Bears are not the only wild animals to attack and kill humans. There have been wolf attacks in Alaska. NBC News reports on one such attack: “a pack of wolves killed Kenton Joel, a 22-year-old Ontario engineering student.” There have also been cougar attacks in Colorado.  The New York Times in their article “Mountain Lion Kills Boy Hiking in Colorado Park”: reported that, “Mark Miedema bounded ahead of his parents and sister on a well-traveled trail in rocky Mountain National Park on Thursday before being attacked and killed by an 88-pound mountain lion.” The United States as well as British Columbia has addressed the issue of menstruation by providing pamphlets to hikers and campers warning of the potential danger. Officials urge caution while menstruating and camping or hiking, as seen in the material from the Ministry of Water, Land and Air Protection of British Columbia, who stated in their 2002 bear and cougar pamphlet that “Women should consider using tampons when menstruating.” Gunther notes that the Yellowstone National Park Service issues these guidelines for visitors:

The following precautions are recommended:
1. Use pre-moistened, unscented cleaning towelettes.
2. Use internal tampons instead of external pads.
3. Do not bury tampons, pads and towelettes (pack it in – pack it out). A bear may smell buried tampons or pads and dig them up. By providing bears a small food “reward”, this action may attract bears to other menstruating women.
4. Place all used tampons, pads, and towelettes in double zip-loc baggies and store them unavailable to bears, just as you would store food. This means hung at least 10 feet above the ground and 4 feet from the tree trunk. (Gunther)

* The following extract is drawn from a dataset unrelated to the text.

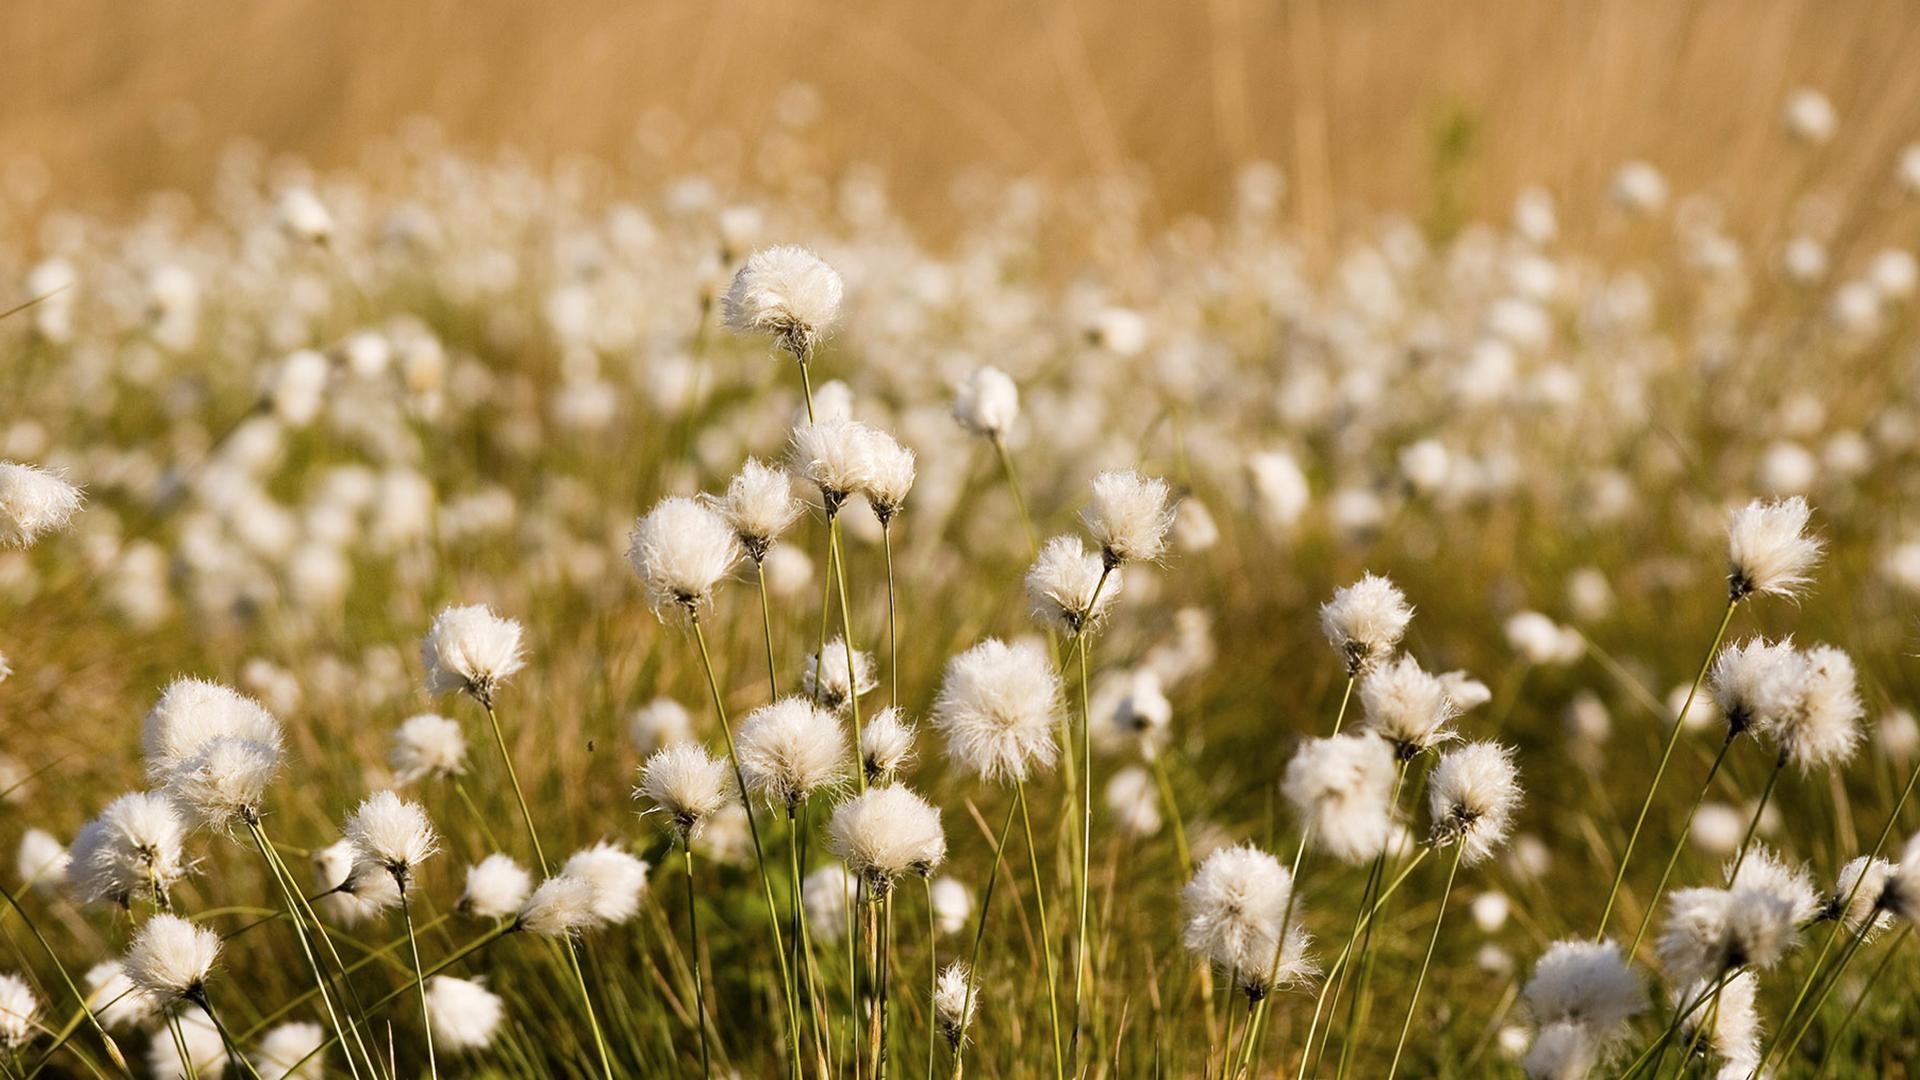 Wollgrasfrüchte nach der Blüte – Eriophorum vaginatum – Fotograf Dirk Grasse

 Two separate governments are advising people there is a potential risk. This is not an ethical practice for the conscientious Bigfoot researcher, and there is real danger from predators. Even if women are not used or present, the researcher may be putting themselves or their team members at risk by using menstrual bait such as used pads or tampons.

Menstrual baiting should be avoided, in favor of safer and more ethical alternatives. There is no reason to put others at risk, and there are alternatives. Pheromone chips are available online at: BlueNorth.com.

An online blog called Guide to Bigfoot Hunting has this to say about their product:

"Pheromone chips are a method used to attract Bigfoot by creating an impregnated scent. The chip is attached to a tree branch, and left for Bigfoot to arrive. They are often accompanied with a trail cam to capture an image. These chips are made up of a mixture of ape and human pheromones. Pheromone chips aren't proven to work for this type of animal, although they are used to attract other wild animals such as deer. Experts say that any primate would be attracted to them. Bigfoot or not."



This product is a small compressed chip soaked in the pheromones, and then hung in a tree by a string. The chip should be removed and return with the researcher after using it, pack it in, pack it out. By using alternatives the researcher will be removing the blood from the equation and therefore the risk from predators. Since more pheromones are released during ovulation through the armpit region, a tee-shirt worn for a couple of days would serve as a safer alternative as well. The shirt can be taken out into the field, used, and return with the researcher when he or she is finished. Both the pheromone chips and the tee-shirt serve as ethical substitutions to menstrual baiting and will help protect the environment (by eliminating abandoned pads),while keeping the researchers and their teammates safe.